苏联进口吉姆轿车,当年开过的人都是大哥人物
有些东西安安静静摆在角落,不说话不张扬,老一辈见了还得咂摸两下,这种石头打火机的劲儿,掂在手里比什么都踏实,再不起眼,也能让人一下想起满院的汽油味、铁皮车门吱呀的声音,坐上去的人当年不是一般角色,今天拉出来聊一回吉姆轿车,真认得全细节的在行人不多,开过这家伙的大多身边得跟着卫士,光领头衔就够吓人。
图里这台黑漆漆的大块头就叫吉姆轿车,苏联进口的,高级专车那年头数得上号,车头一水的镀铬格栅,灯罩子油亮油亮,前杠一摆,气势一下子就有了,不用多说别的就知道来头不小。
我爸当年有回远远看见单位大门口停了一台吉姆,说那阵儿哪怕走到近前都得收敛点脚步,关键是整个车比一般私家车宽没少,车头高,拐弯得留神,司机一身白手套,光在路边一站都知道是给领导开专车的,别说路人,连街坊都觉得新鲜。
吉姆里面头排就是一张软沙发,宽,厚实,后排更讲究,三排座,中间那排还能折叠,原地拉出来两张小座椅,要多机巧有多机巧,小时候我偷偷溜进给人家开过的叔叔车里转过一圈,踩上去踏步都觉得有弹性,坐着像进了会客厅,二十多度夏天,皮垫子竟然不闷不黏,带着点老味。

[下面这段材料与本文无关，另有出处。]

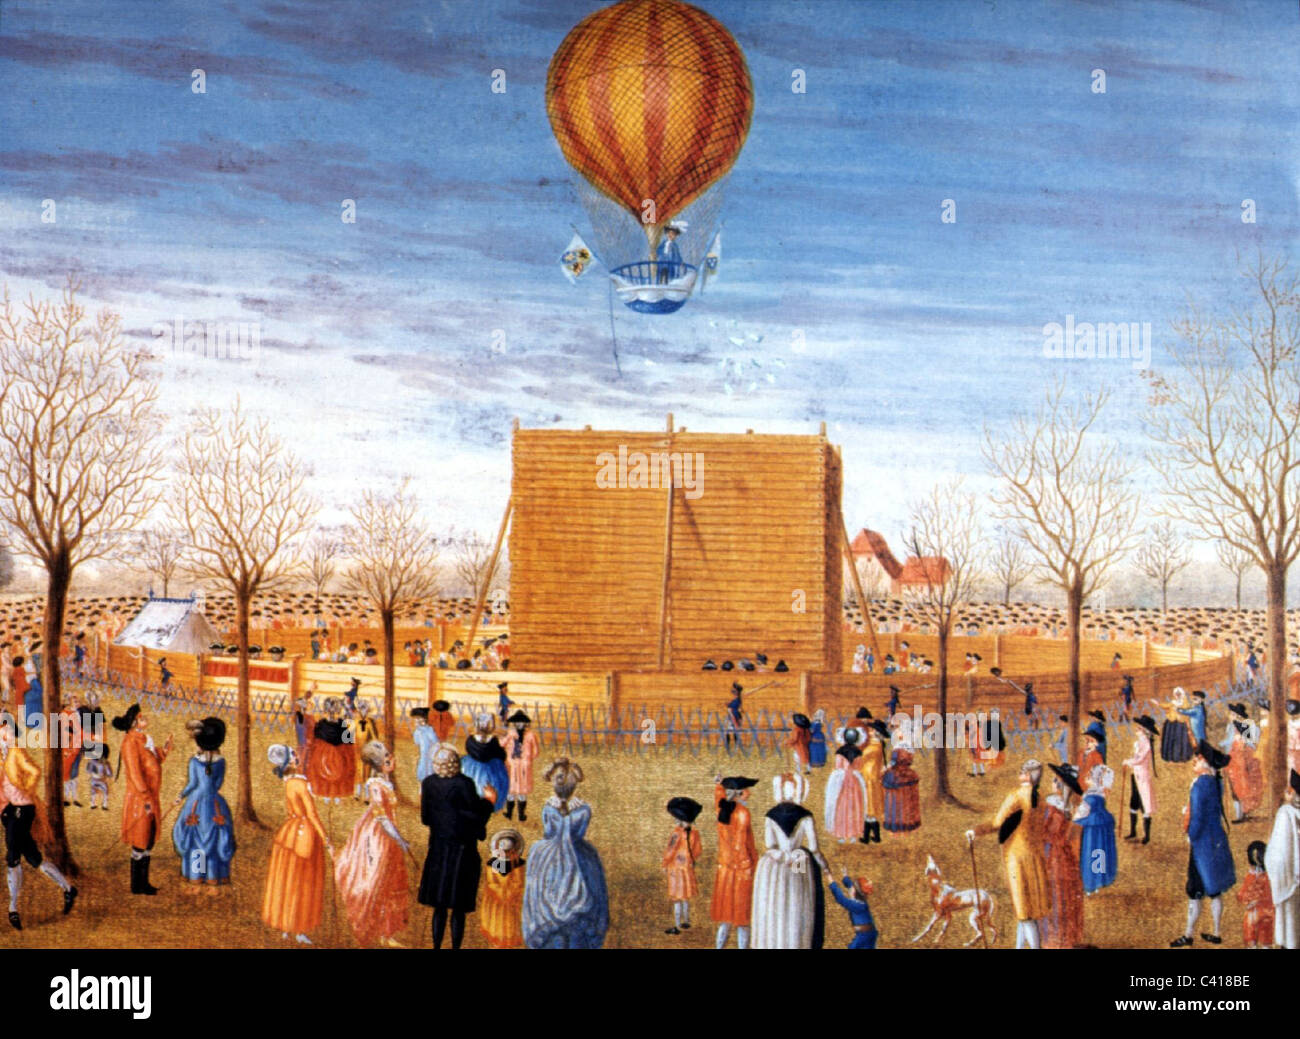 transport / transportation, aviation, balloon, Jean-Pierre Blanchard, his balloon flight, Nuremberg, Germany, 1787, Additional-Rights-Clearences-Not Available Stock Photo

有个细节特讨喜,把手一拉,中档座椅弹出来,半大不小,坐个孩子正合适,大人坐着揩点边打发下也能用,叔叔说部队领导省里要员出行讲究这三排,拉上去一队都是干部,气场全靠这几排撑起来。
侧面看吉姆,发现有个角落装着小窗口,这地方以前专门放所谓“通行证”或者“专车证”,通知贴纸一撂,哪怕岗哨都认识,直接放行,小时候我舅舅蹲墙根挠头问,大人说“这车错不了,谁家有这东西,往门口一停,马上就能让人围一圈岭头问来头。”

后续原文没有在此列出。